* _YOUR TASK_
Only the text belongs in the copy. Transcribe the data exactly and drop any pictures.

* _EXERCISE DATA_

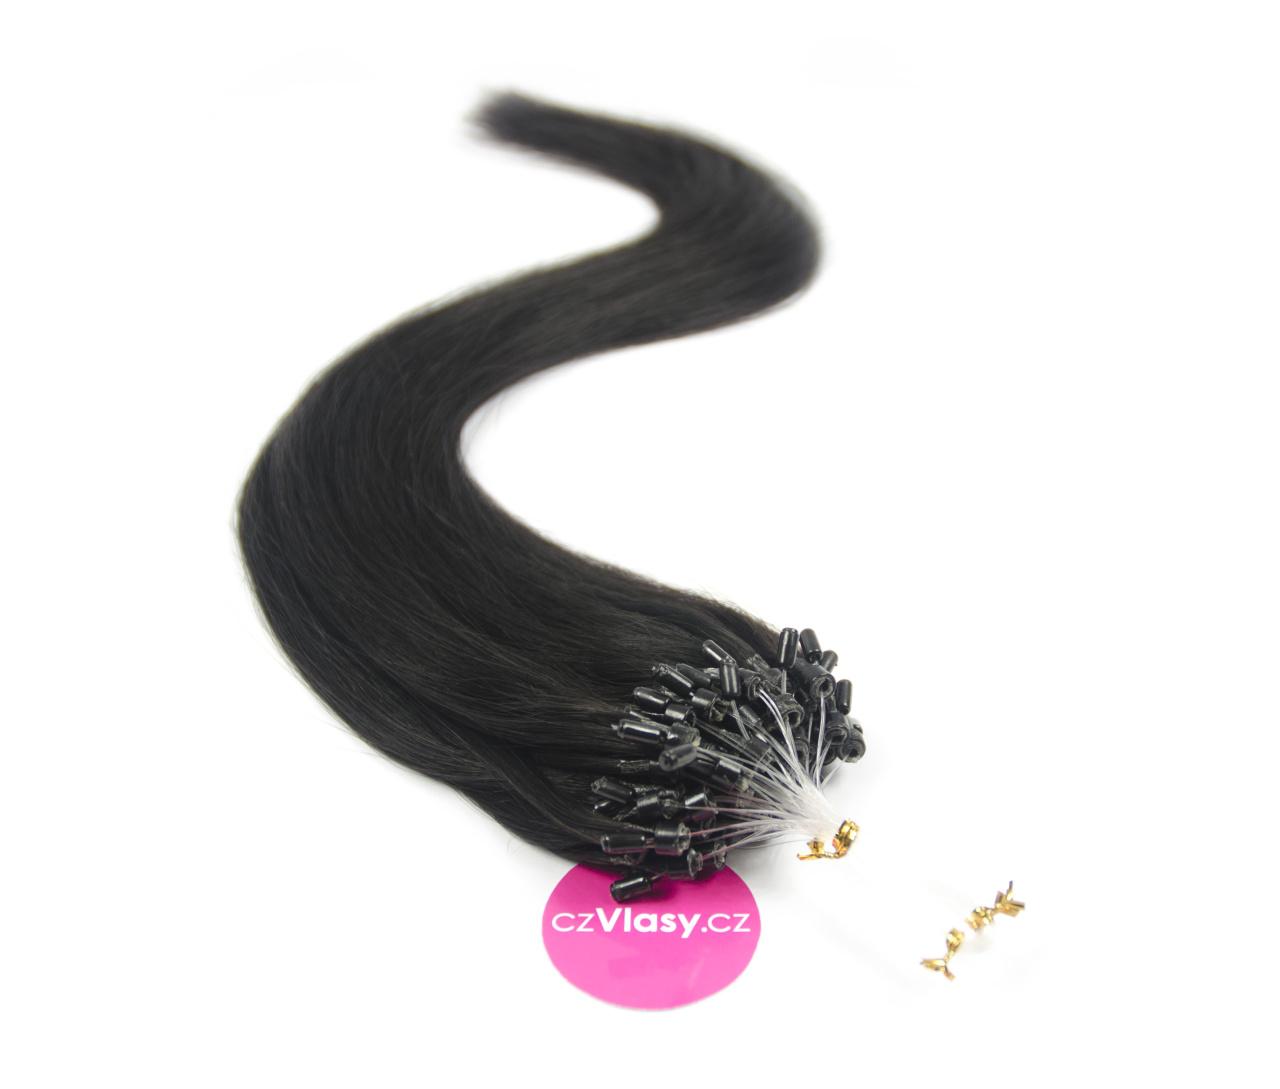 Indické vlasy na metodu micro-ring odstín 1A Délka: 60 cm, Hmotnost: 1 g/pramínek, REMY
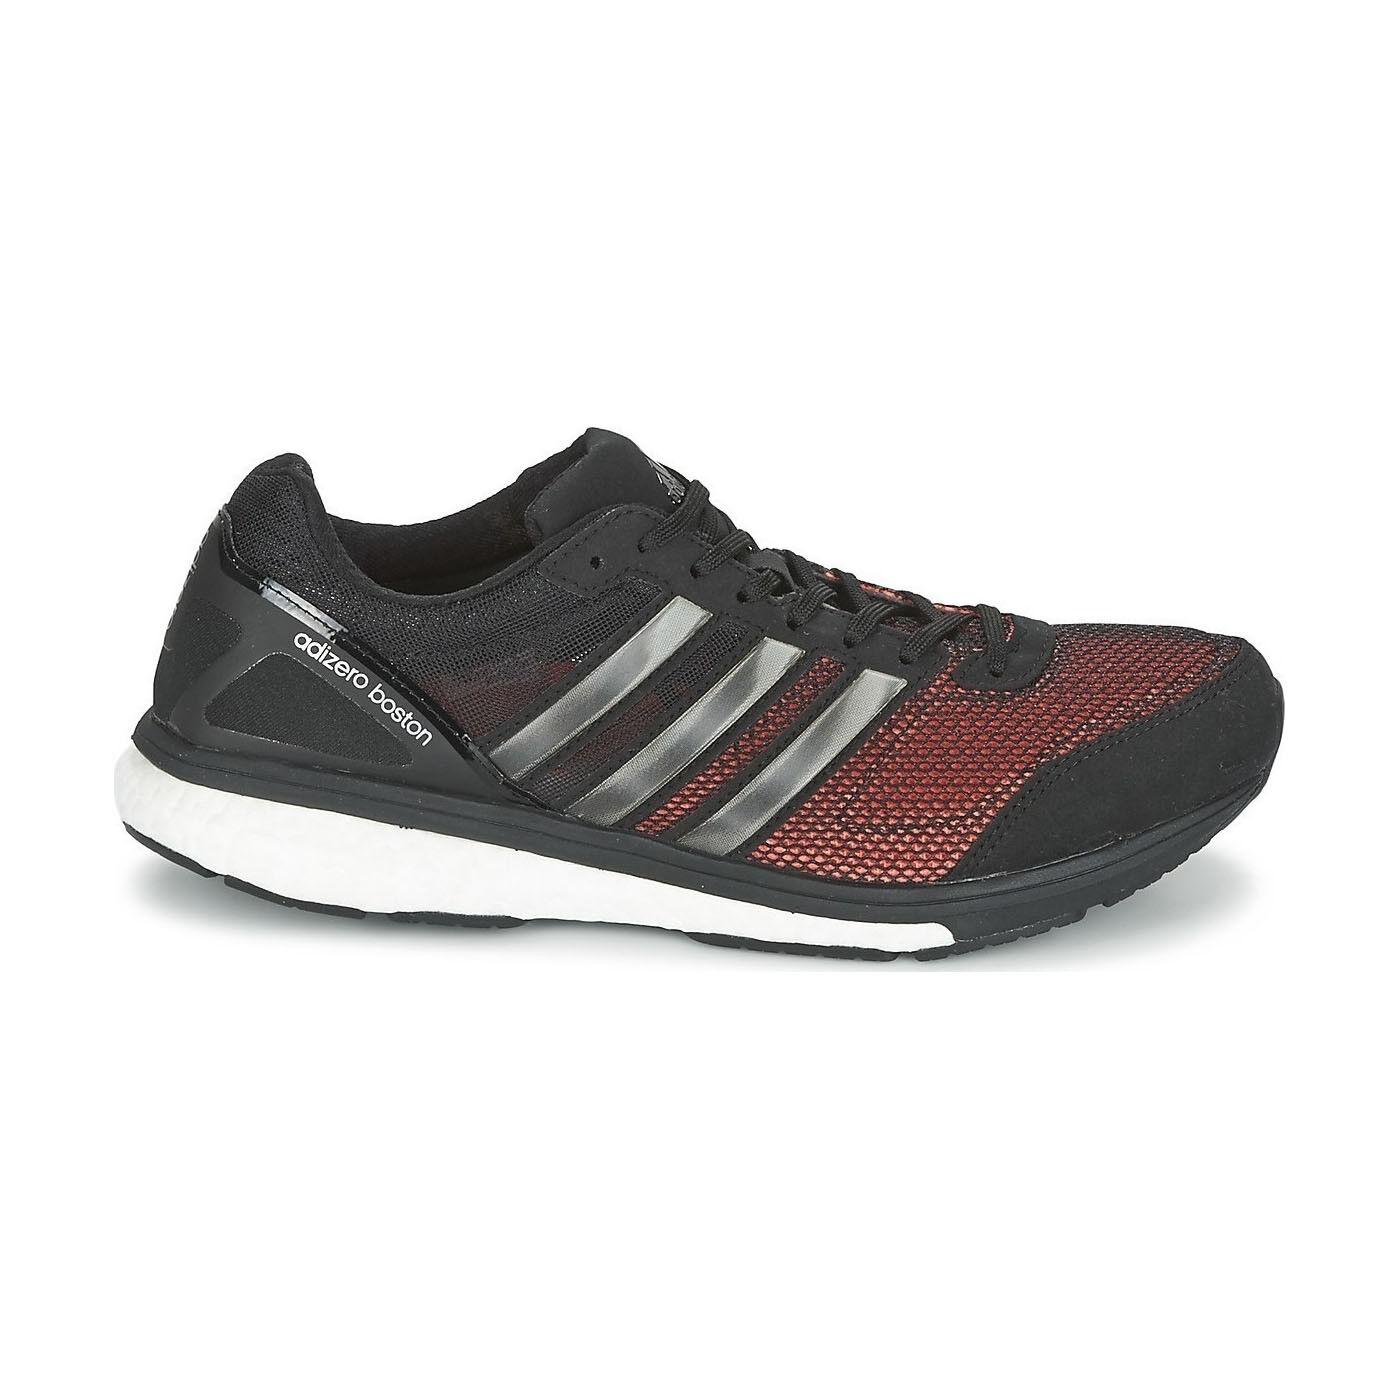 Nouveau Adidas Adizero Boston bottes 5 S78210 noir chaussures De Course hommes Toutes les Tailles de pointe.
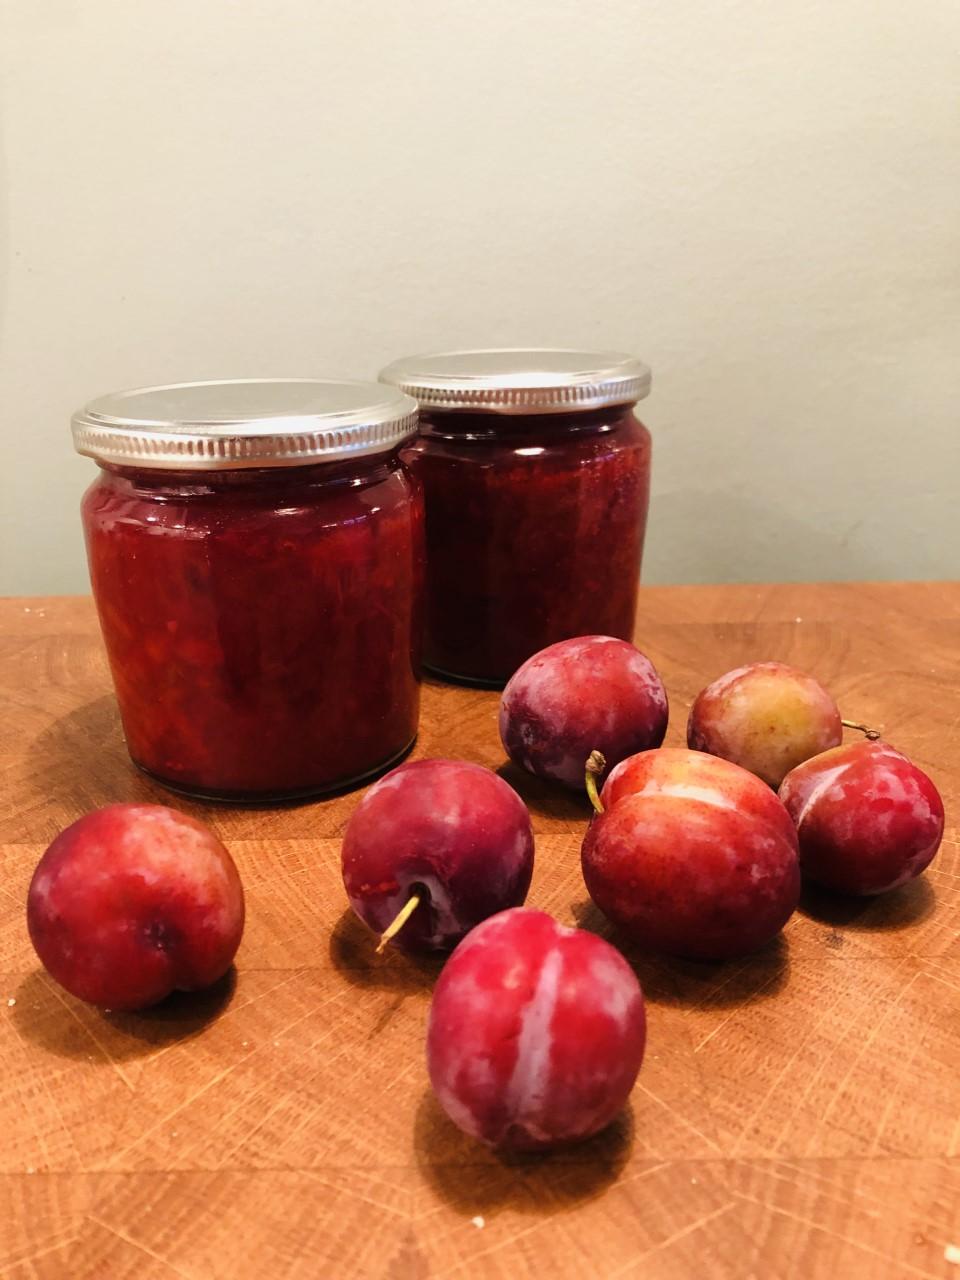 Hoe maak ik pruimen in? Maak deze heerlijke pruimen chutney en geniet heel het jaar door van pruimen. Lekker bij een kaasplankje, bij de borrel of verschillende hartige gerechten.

* _TASK OUTPUT_
 Indické vlasy na metodu micro-ring odstín 1A Délka: 60 cm, Hmotnost: 1 g/pramínek, REMY
 Nouveau Adidas Adizero Boston bottes 5 S78210 noir chaussures De Course hommes Toutes les Tailles de pointe.
 Hoe maak ik pruimen in? Maak deze heerlijke pruimen chutney en geniet heel het jaar door van pruimen. Lekker bij een kaasplankje, bij de borrel of verschillende hartige gerechten.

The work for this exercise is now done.